Appellants urge that we should view Local Law No. 1 as a whole and because it makes possible the removal of the manager at will, it generally enhances the power of the legislators. In essence the appellants ask us to balance the various facets of the law, weighing the provisions enhancing its power with those which curtail it, and in so doing they urge us to conclude that the amendment as a whole expands the legislature’s power. By looking generally to the "collective powers” of the county legislature as an institution, the dissenters would have us adopt this balancing approach. We may not, however, avail ourselves of such an analysis. The Constitution requires that a permissive referendum be held where the law curtails "any power” of an elective official (art IX, § 1, subd [h], par [2]). We are not free to balance the various aspects of a law but must only determine whether any power has been curtailed.

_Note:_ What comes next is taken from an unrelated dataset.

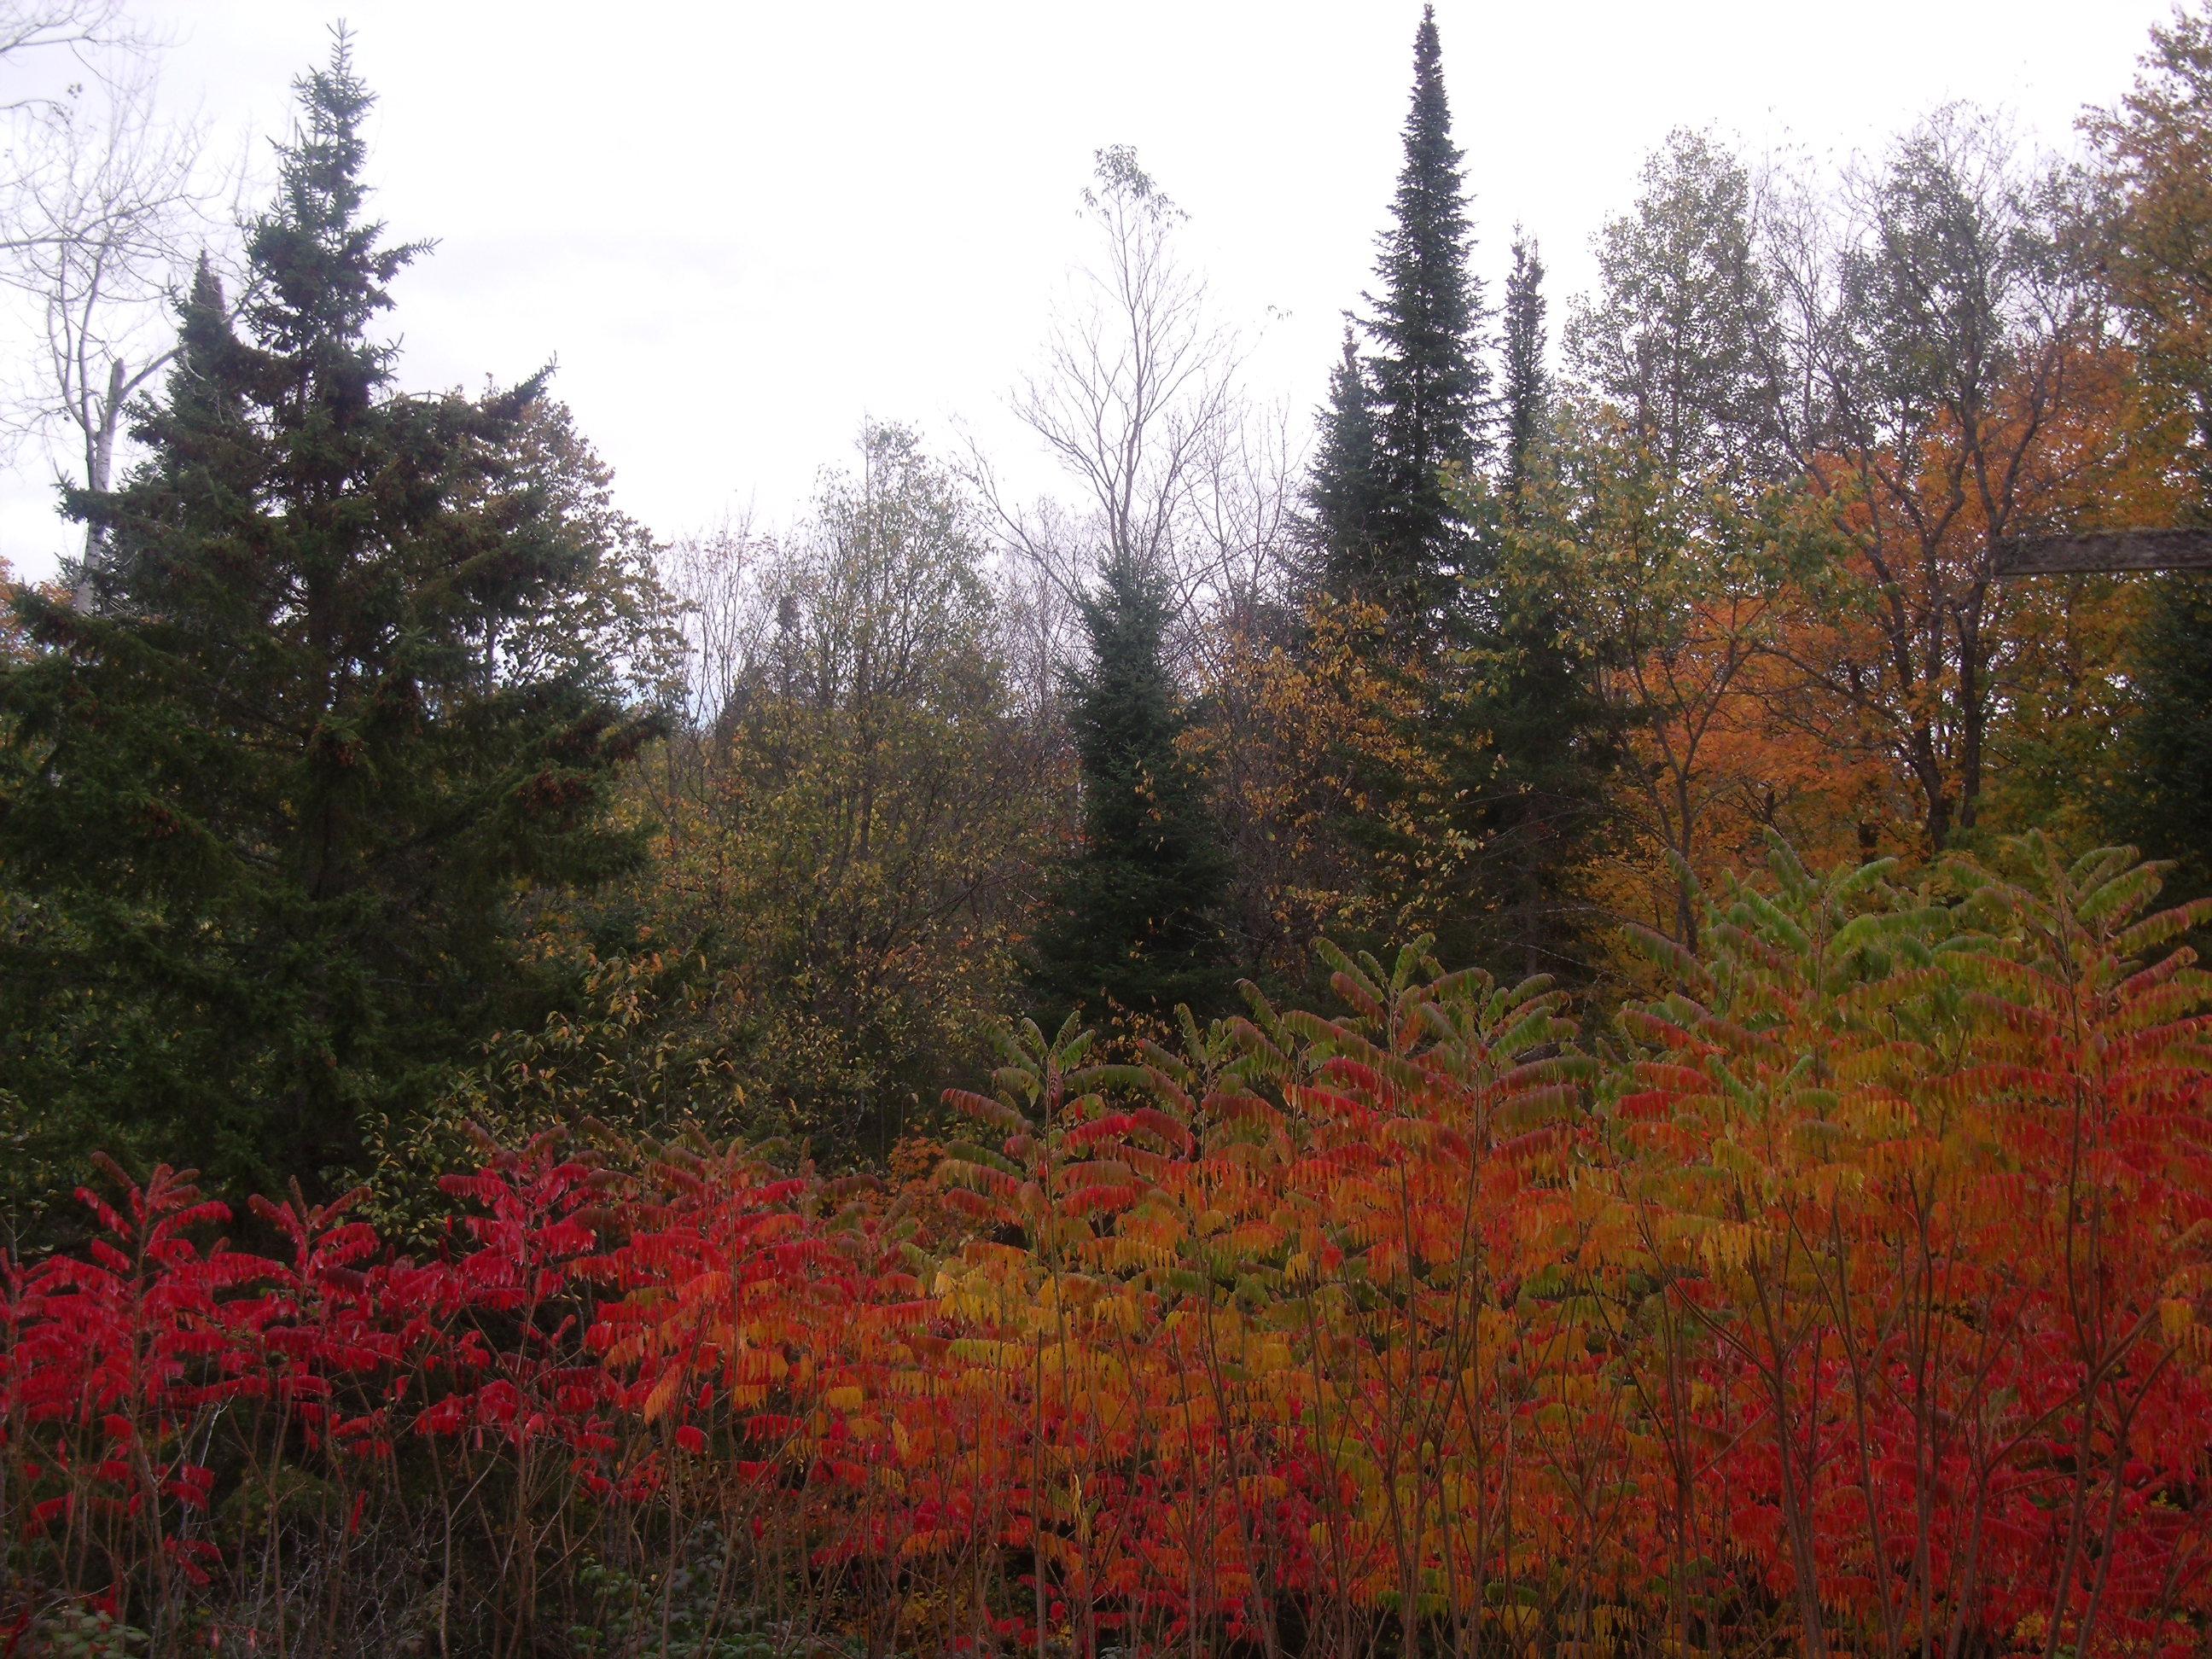 Staghorn Sumac's Brilliant Autumn Colors

Any claimed enhancement of some legislative powers does not negate the curtailment of others. We must reject, therefore, the appellants’ balancing approach and enforce the constitutional requirements. Judge Fuchsberg, in dissent, relies heavily on Matter of Fogarty v Warden (191 Misc 916, affd 273 App Div 910, affd 297 NY 963), a case in which the court held Newburgh Local law No. 1 of 1941 inoperative because it curtailed the power of elective city officers. Prior to 1941 the Newburgh City Charter provided for the appointment by the city council of a city manager "during *295the pleasure of the council”, but Newburgh Local Law No. 1 altered that power by requiring removal only after a public hearing. In Fogarty the court looked to the effect the local law had on the power that existed in the city charter. Likewise, in the present case we must look to the effect that the local law has on the power of appointment to determine whether there has been any curtailment. As demonstrated above, Local Law No. 1 of 1978 curtails the power of the elective officials of Monroe County to bind future legislators and is therefore invalid. The emphasis should not be placed on whether we believe one type of power of appointment is generally broader than another but whether an amendment to the existing power of appointment curtails any power inherent in the original appointment procedure. As in Fogarty, the court must determine whether the local law curtails any power and, in finding that it does, the law must be held invalid.

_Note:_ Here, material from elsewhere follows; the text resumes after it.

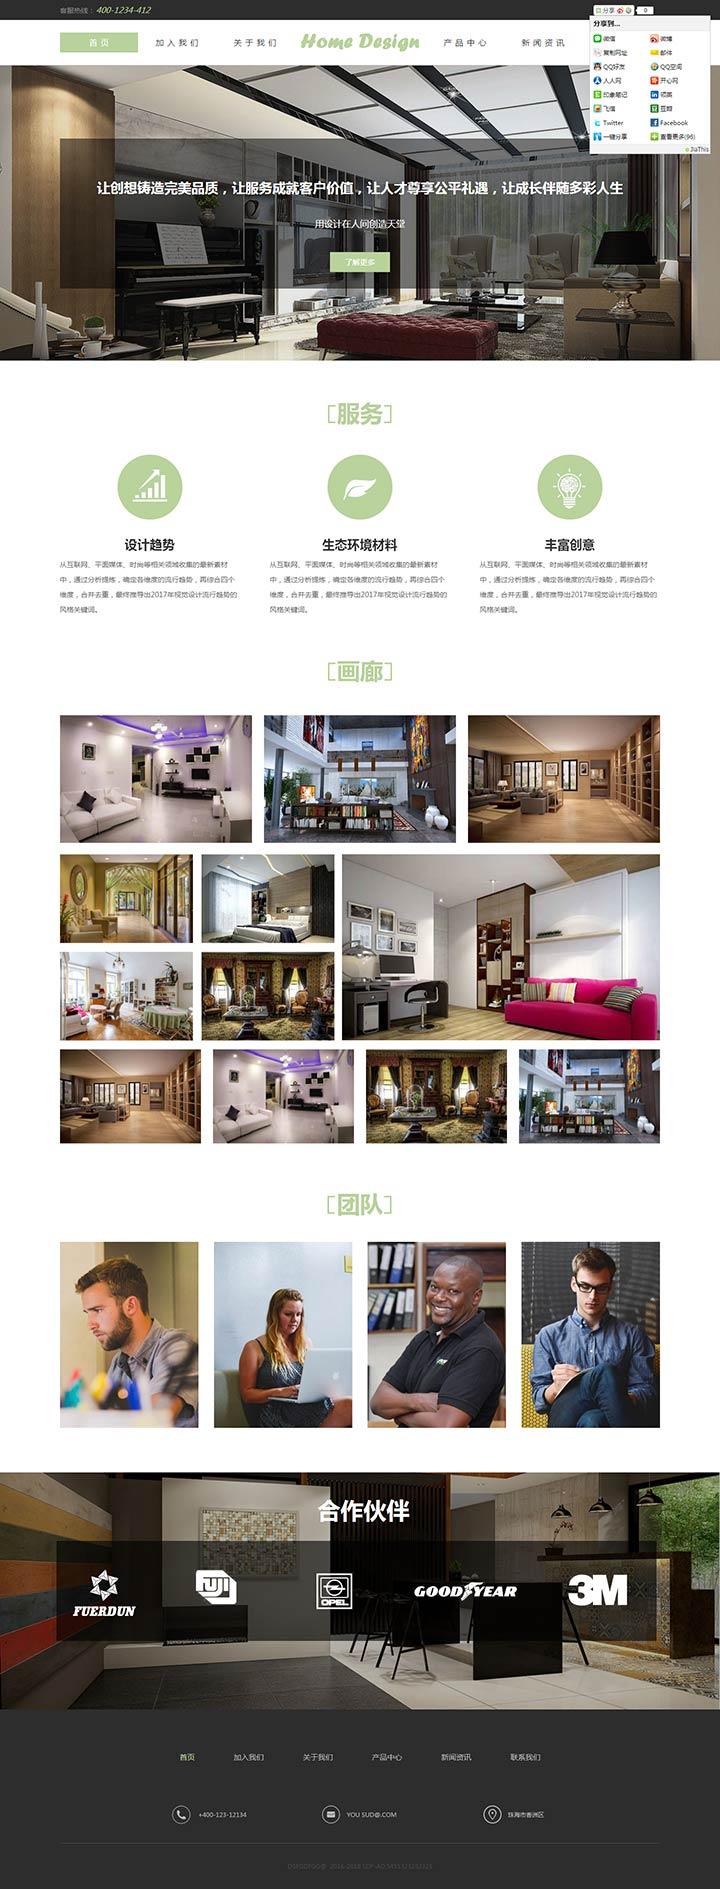 装修设计行业网站

Because Local Law No. 1 curtails the power of the county legislature to bind its successor while failing to provide for a permissive referendum, it is unconstitutional and void.
Accordingly, the orders of the Appellate Division should be affirmed, with costs.
Section 34 (subd 4) of the Municipal Home Rule Law provides that local law must be subject to a permissive referendum when it "curtails * * * any power of any elective county officer”.